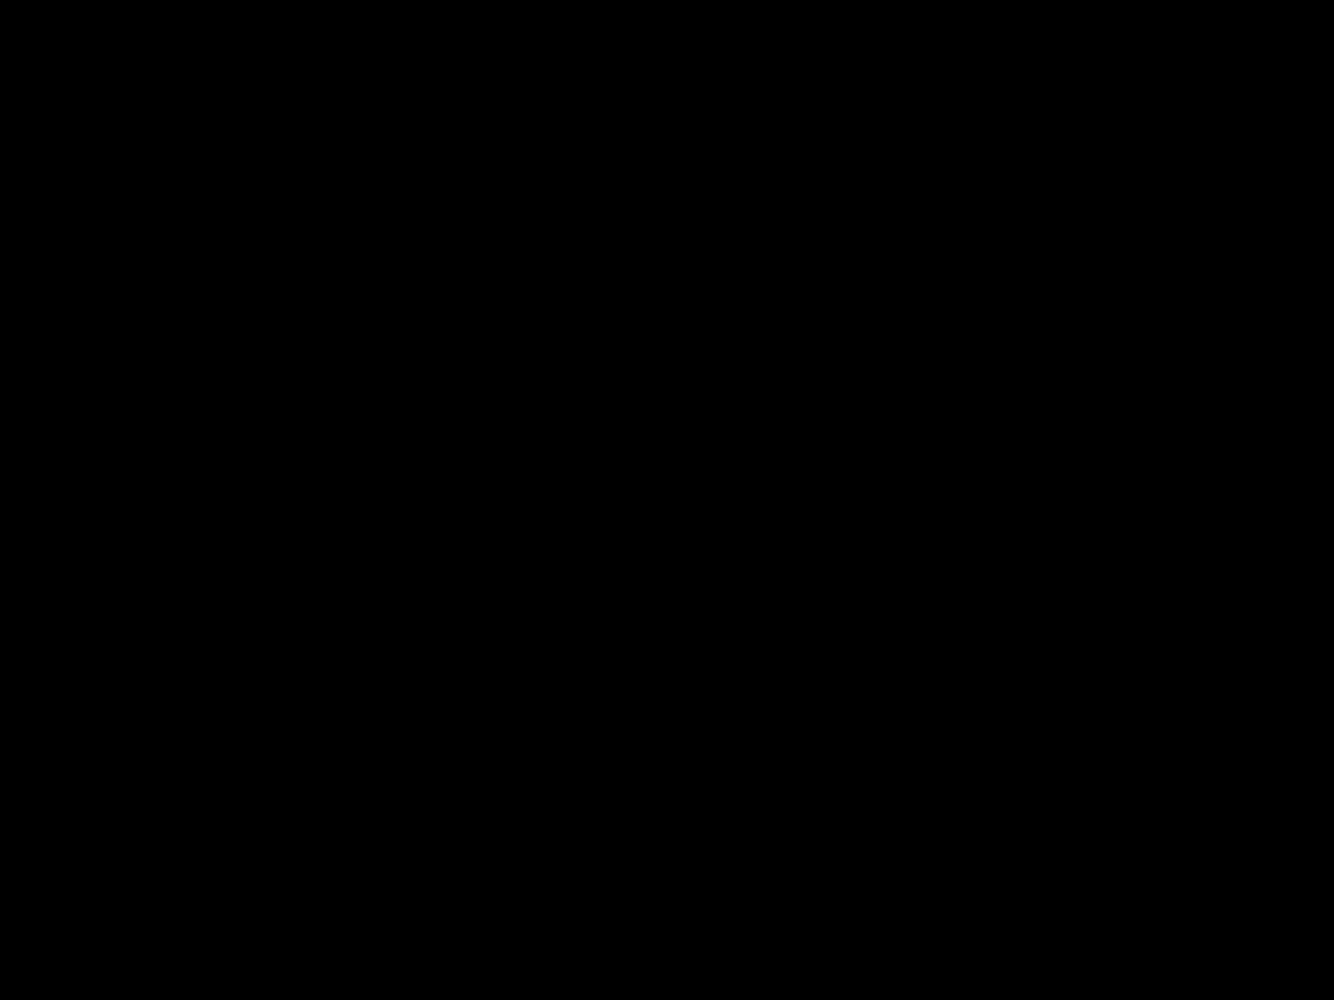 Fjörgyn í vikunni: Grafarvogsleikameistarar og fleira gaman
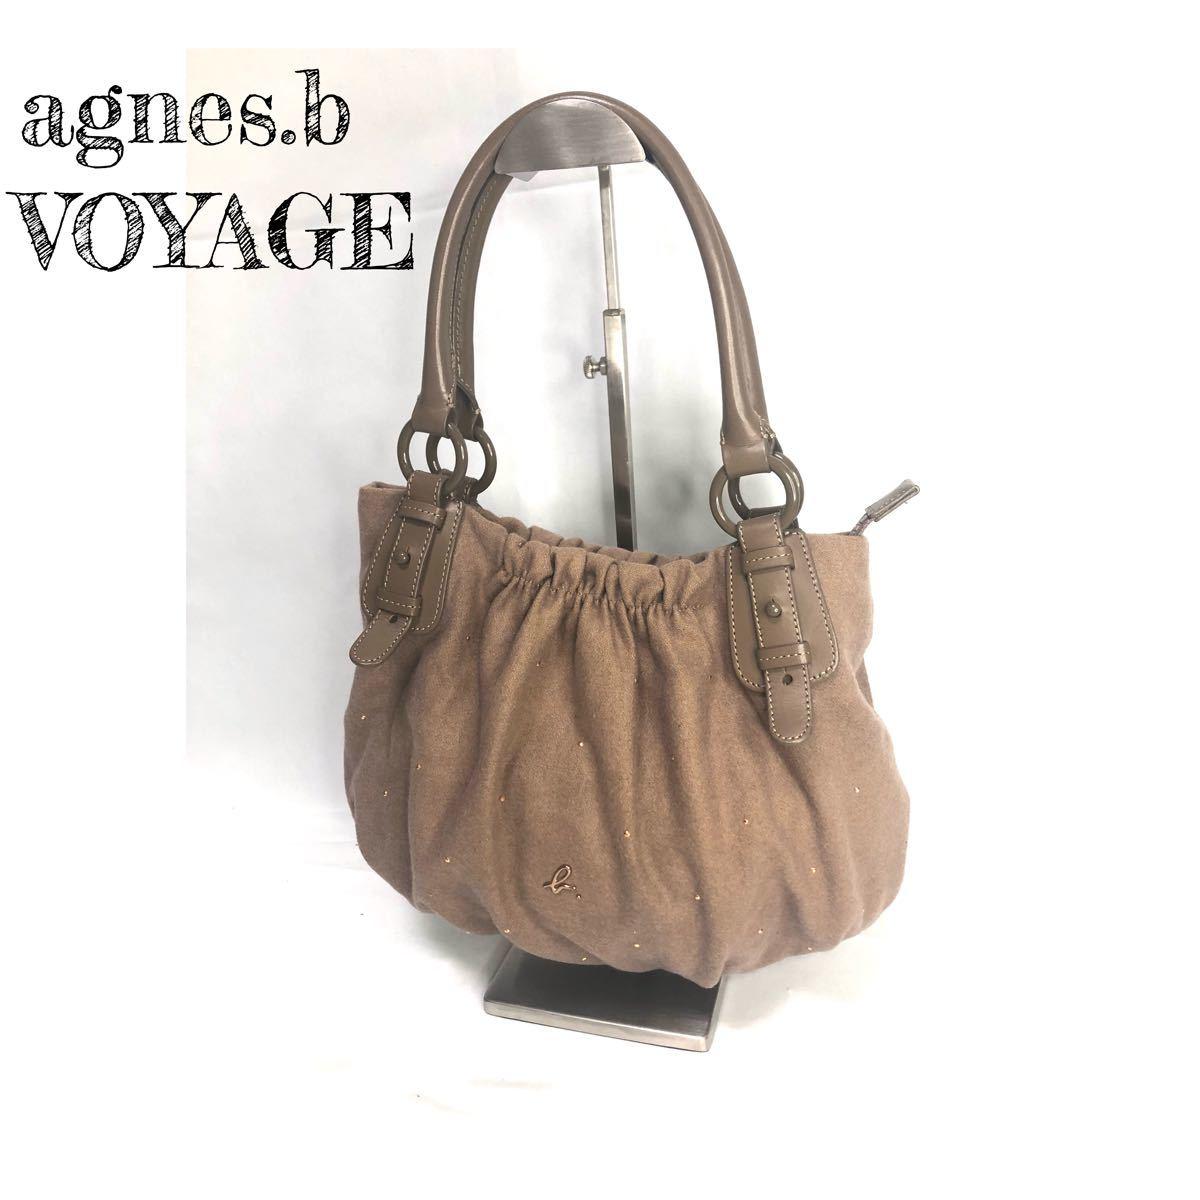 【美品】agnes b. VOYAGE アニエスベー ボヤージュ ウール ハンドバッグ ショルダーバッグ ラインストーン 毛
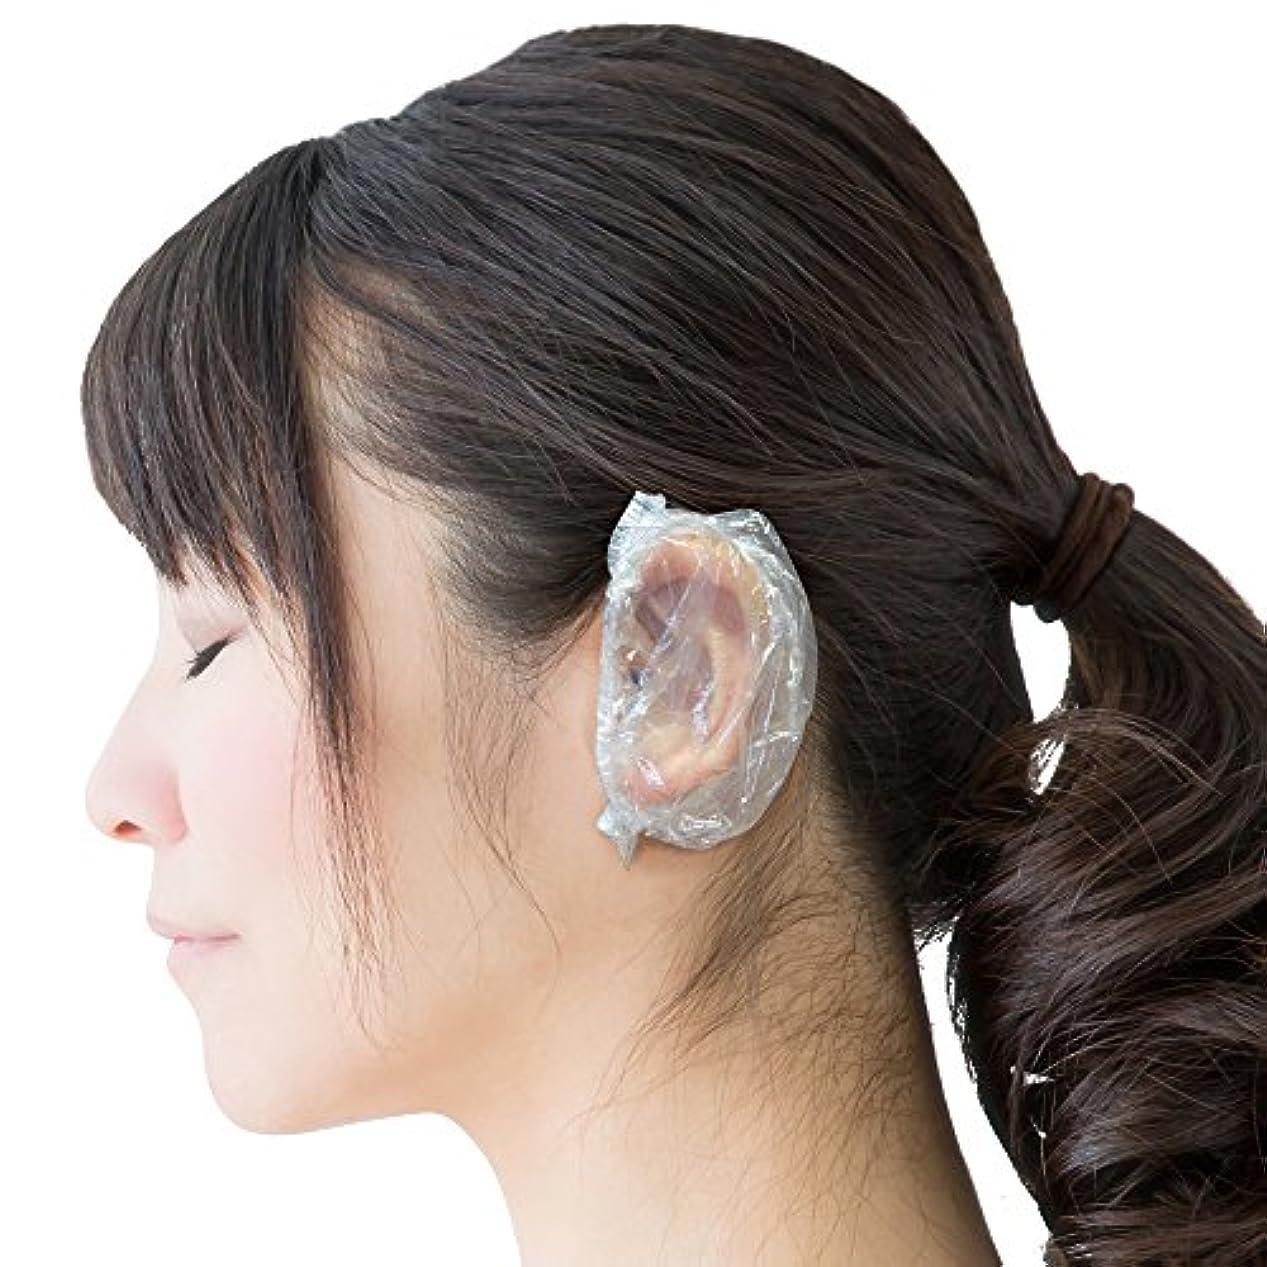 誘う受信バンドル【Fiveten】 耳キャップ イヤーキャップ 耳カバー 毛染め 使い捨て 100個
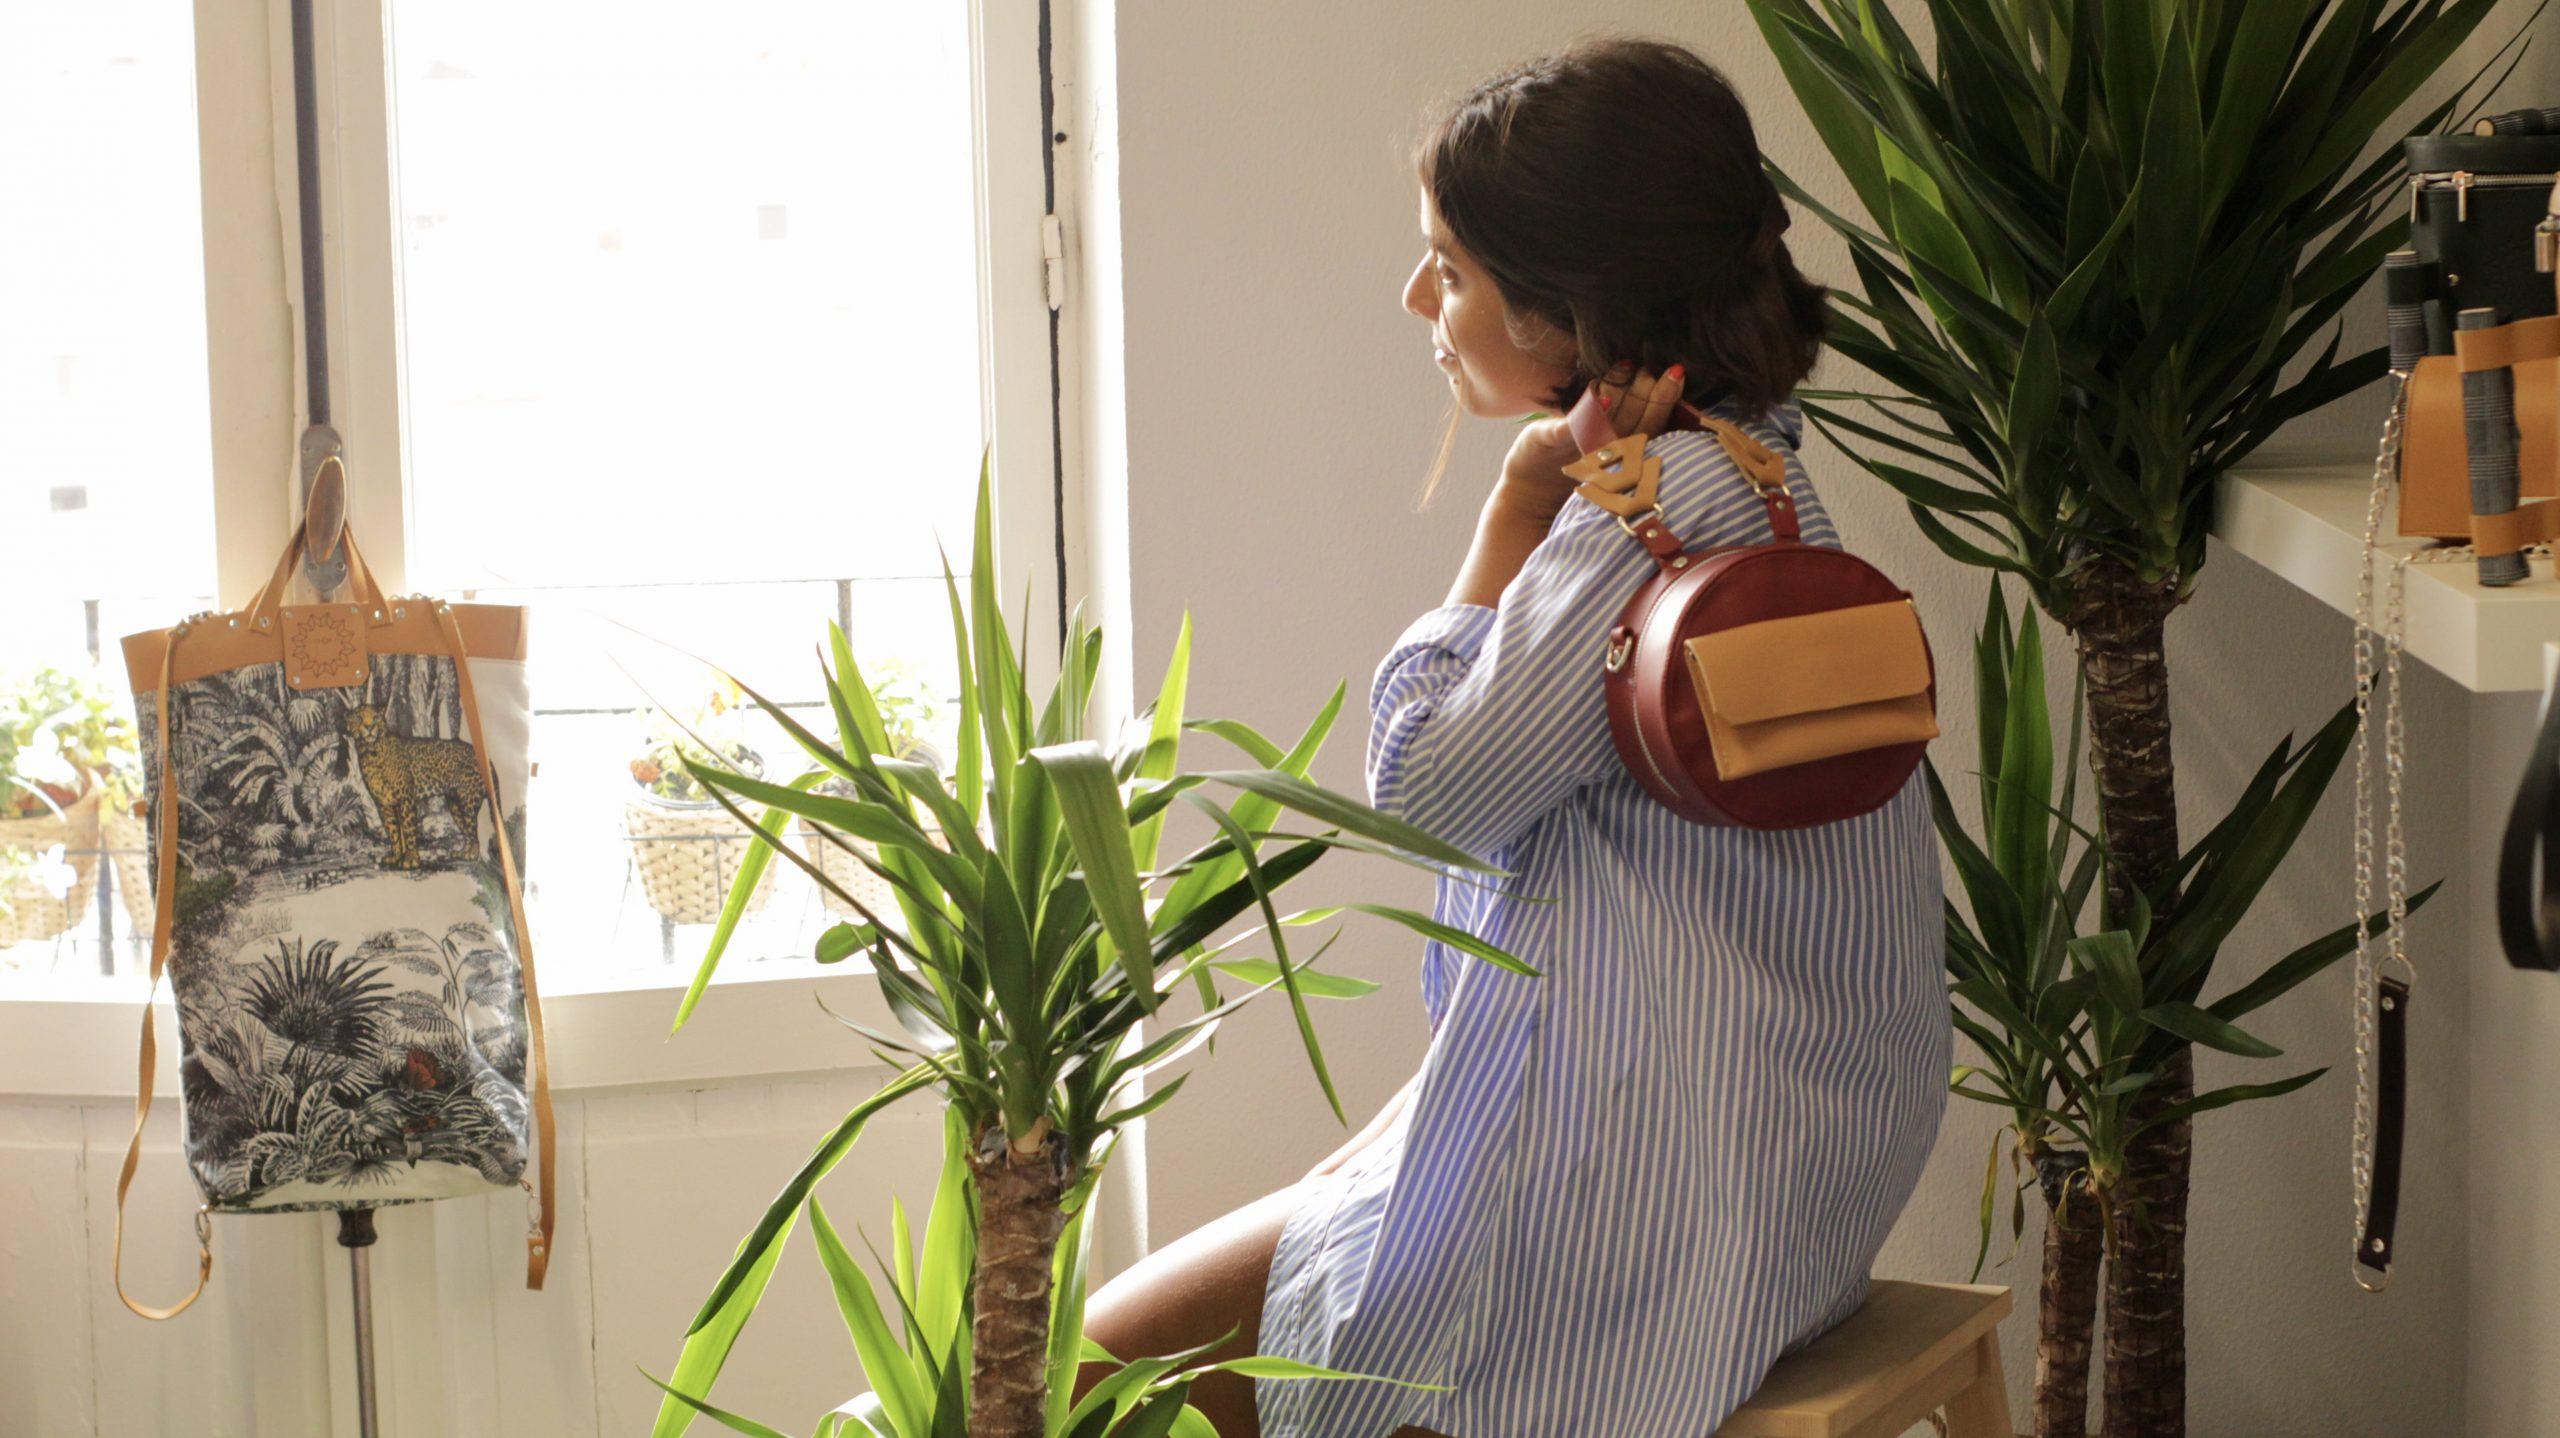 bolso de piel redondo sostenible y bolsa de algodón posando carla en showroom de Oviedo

▸ TASK TO CARRY OUT:
Output nothing but the lines from the one containing "ショルダーバッグ ラインストーン 毛" to the end of the listing, both ends included, reproduced exactly. Pictures stay out.

▸ SOLUTION FOR THIS TASK:
 【美品】agnes b. VOYAGE アニエスベー ボヤージュ ウール ハンドバッグ ショルダーバッグ ラインストーン 毛
 誘う受信バンドル【Fiveten】 耳キャップ イヤーキャップ 耳カバー 毛染め 使い捨て 100個
 bolso de piel redondo sostenible y bolsa de algodón posando carla en showroom de Oviedo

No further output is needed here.